**WHAT NEEDS TO BE DONE**
The required answer is the run of lines from the one holding "White baby body" to the end of the data below, copied exactly and free of pictures.

**INFORMATION PROVIDED**
───
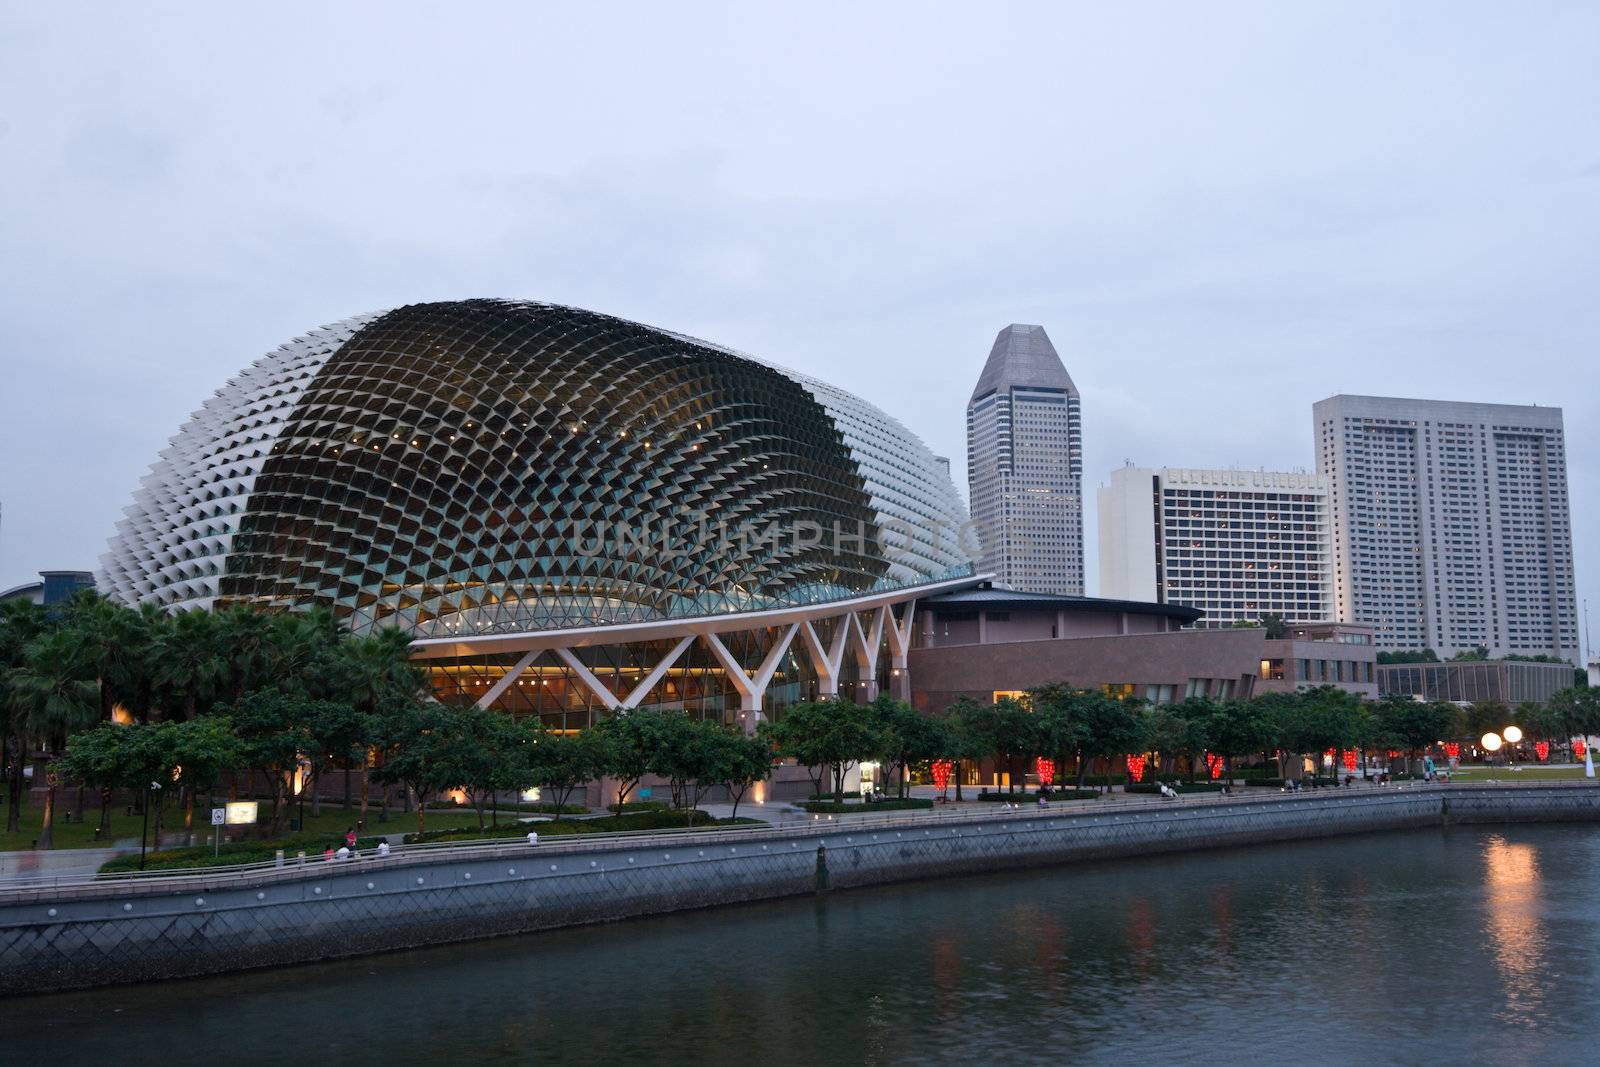 Esplanade (Singapore opera and concert hall at dusk by dimol
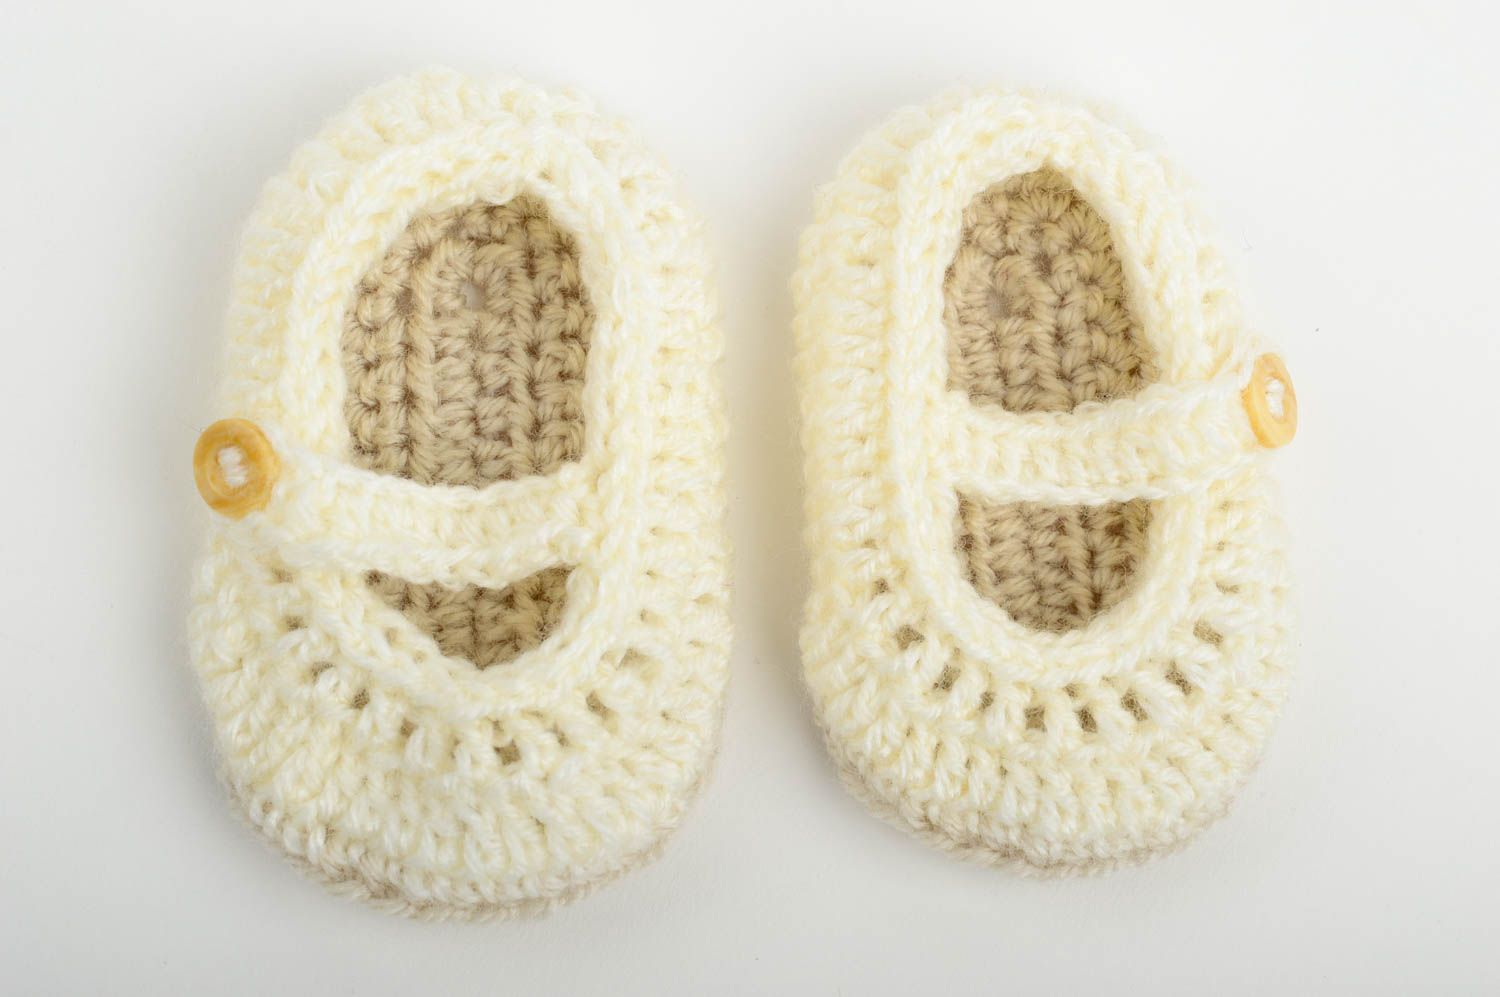 Handmade baby shoes goods for toddlers baby socks toddler shoes kids gifts photo 3
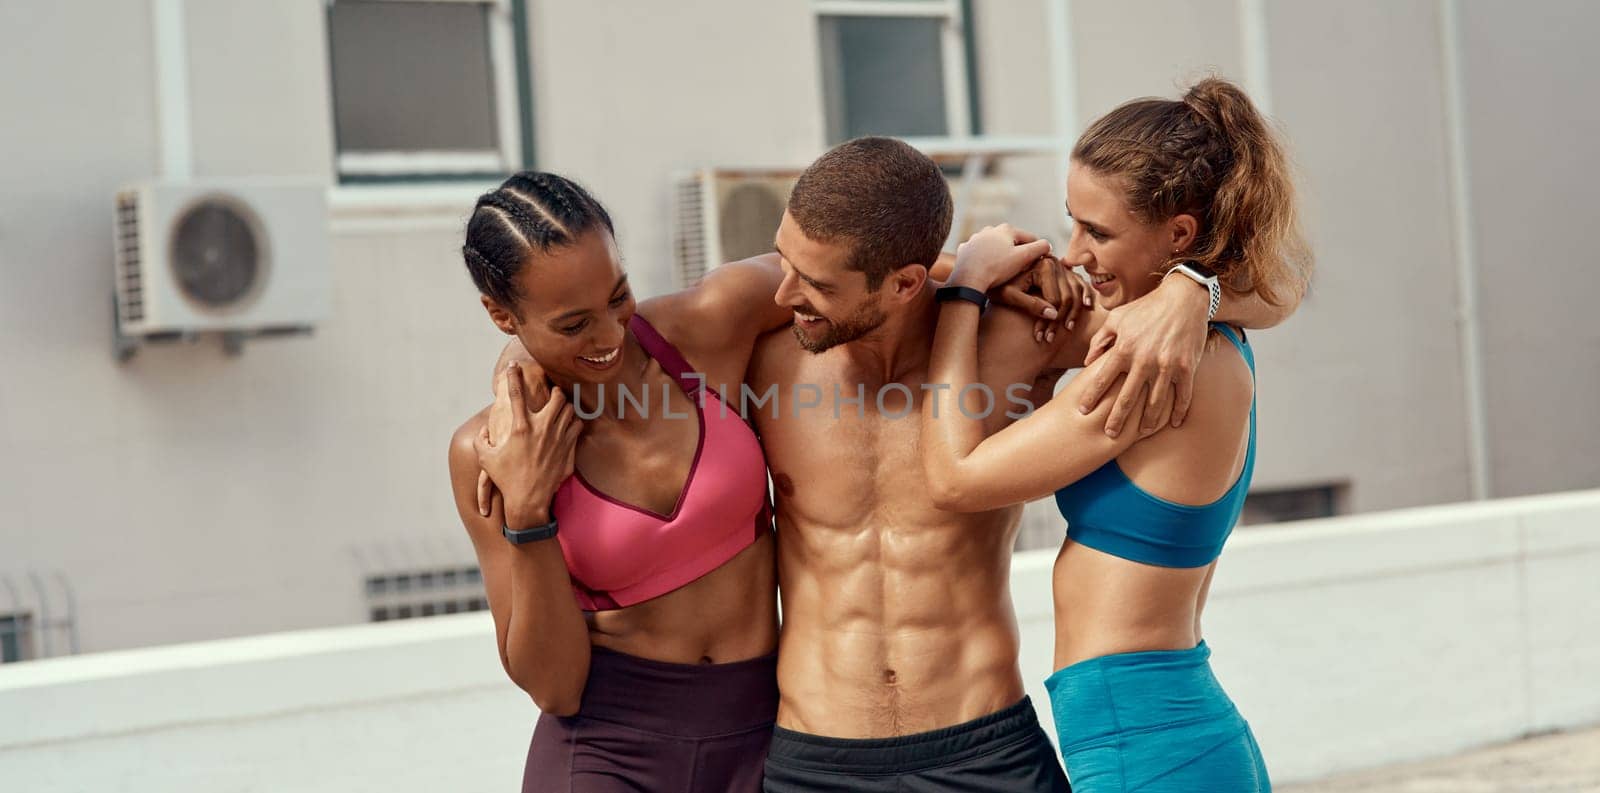 Now we know why working out together is better. a fitness group standing together while out for a workout
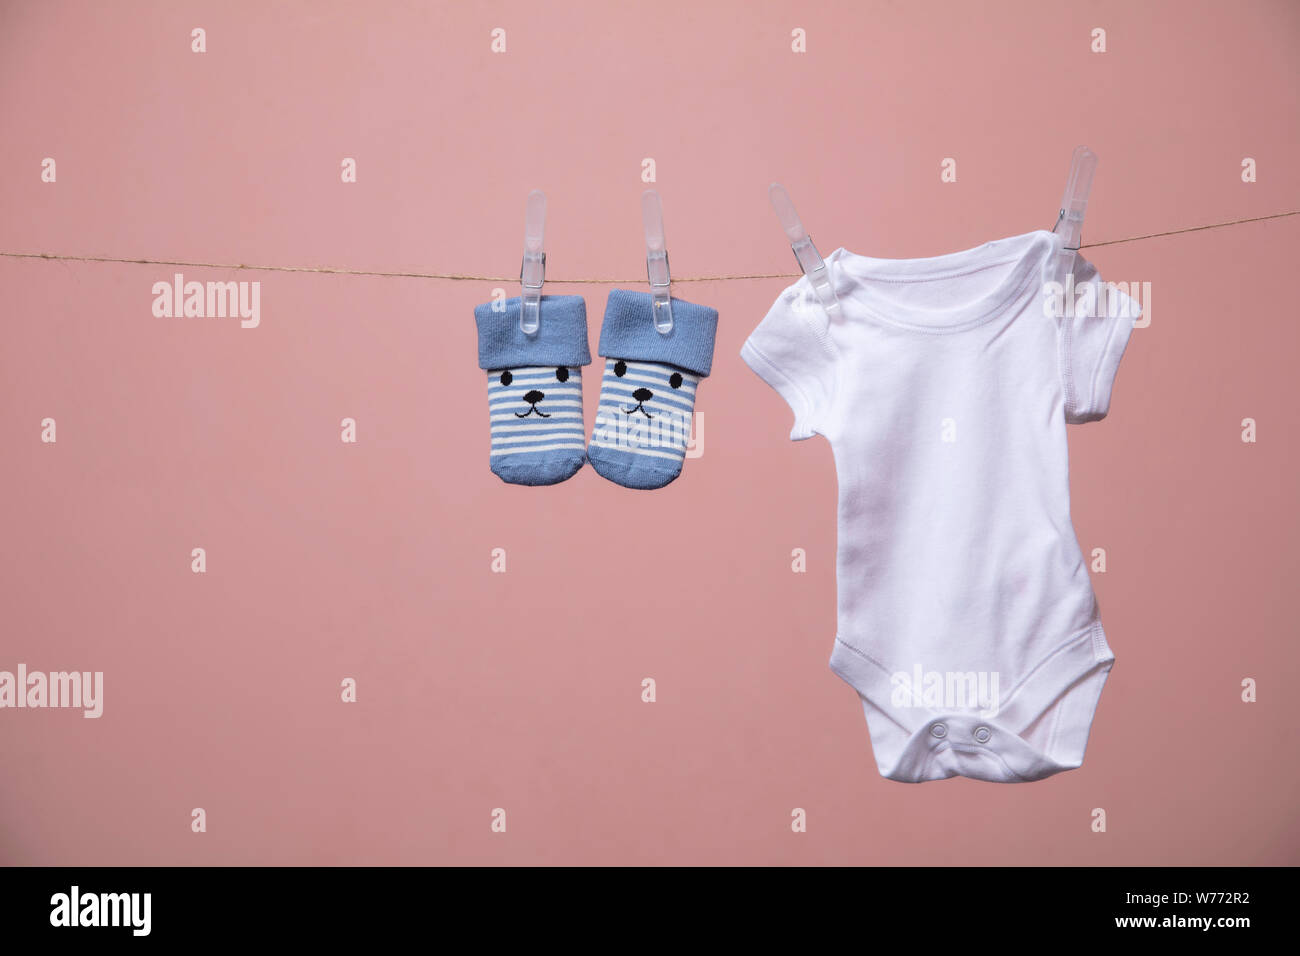 White baby body suit hanging from a line against a pink background Stock Photo
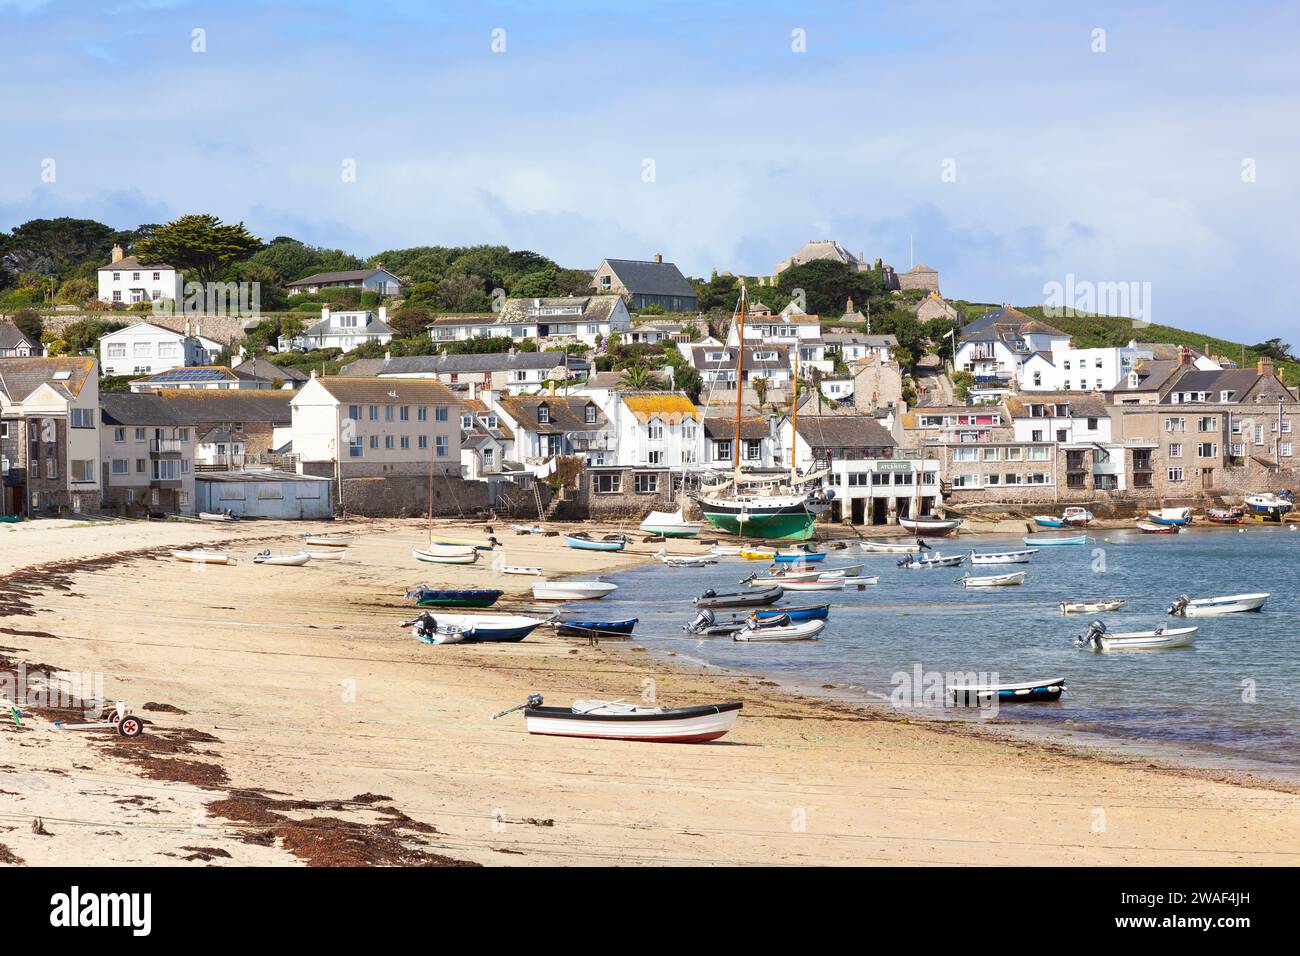 Town Beach, St Mary's, Isles of Scilly Foto Stock
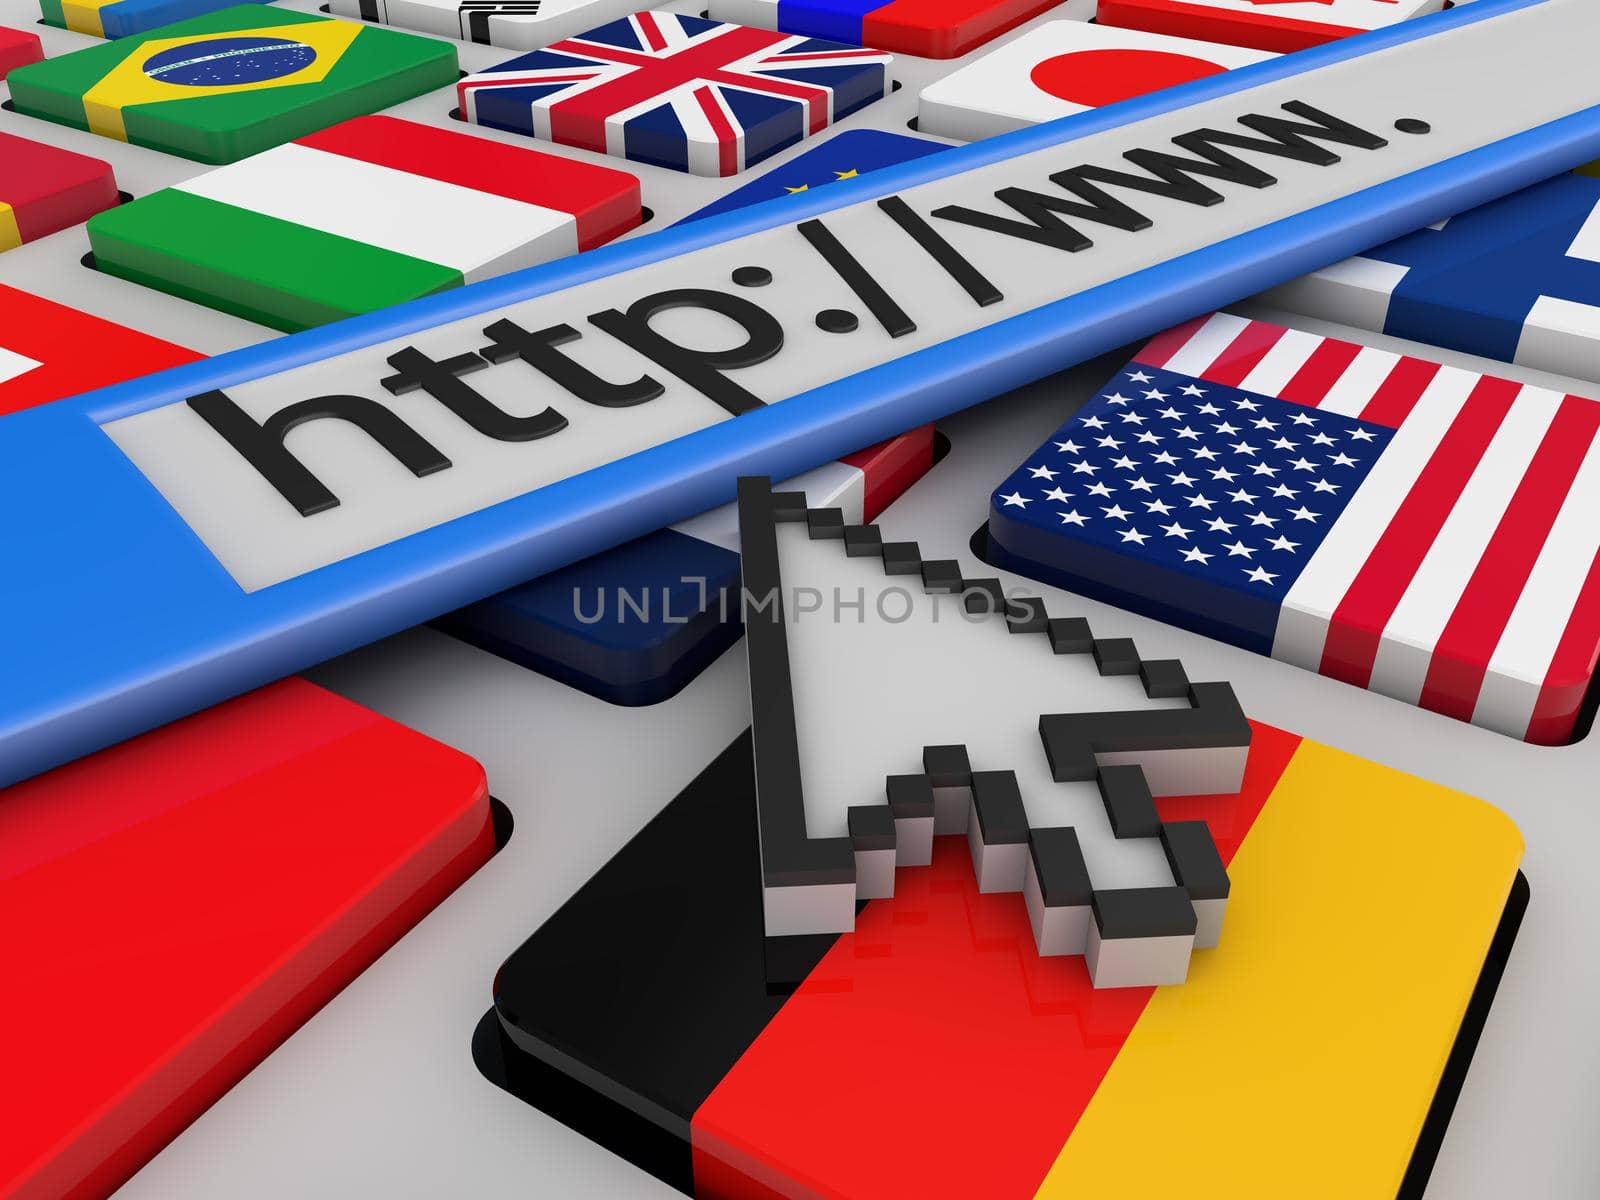 The keys are in the form of flags of different countries, arrow cursor and the search bar of Internet browser.
───
**EXERCISE ANSWER**
 White baby body suit hanging from a line against a pink background Stock Photo
 Town Beach, St Mary's, Isles of Scilly Foto Stock
 The keys are in the form of flags of different countries, arrow cursor and the search bar of Internet browser.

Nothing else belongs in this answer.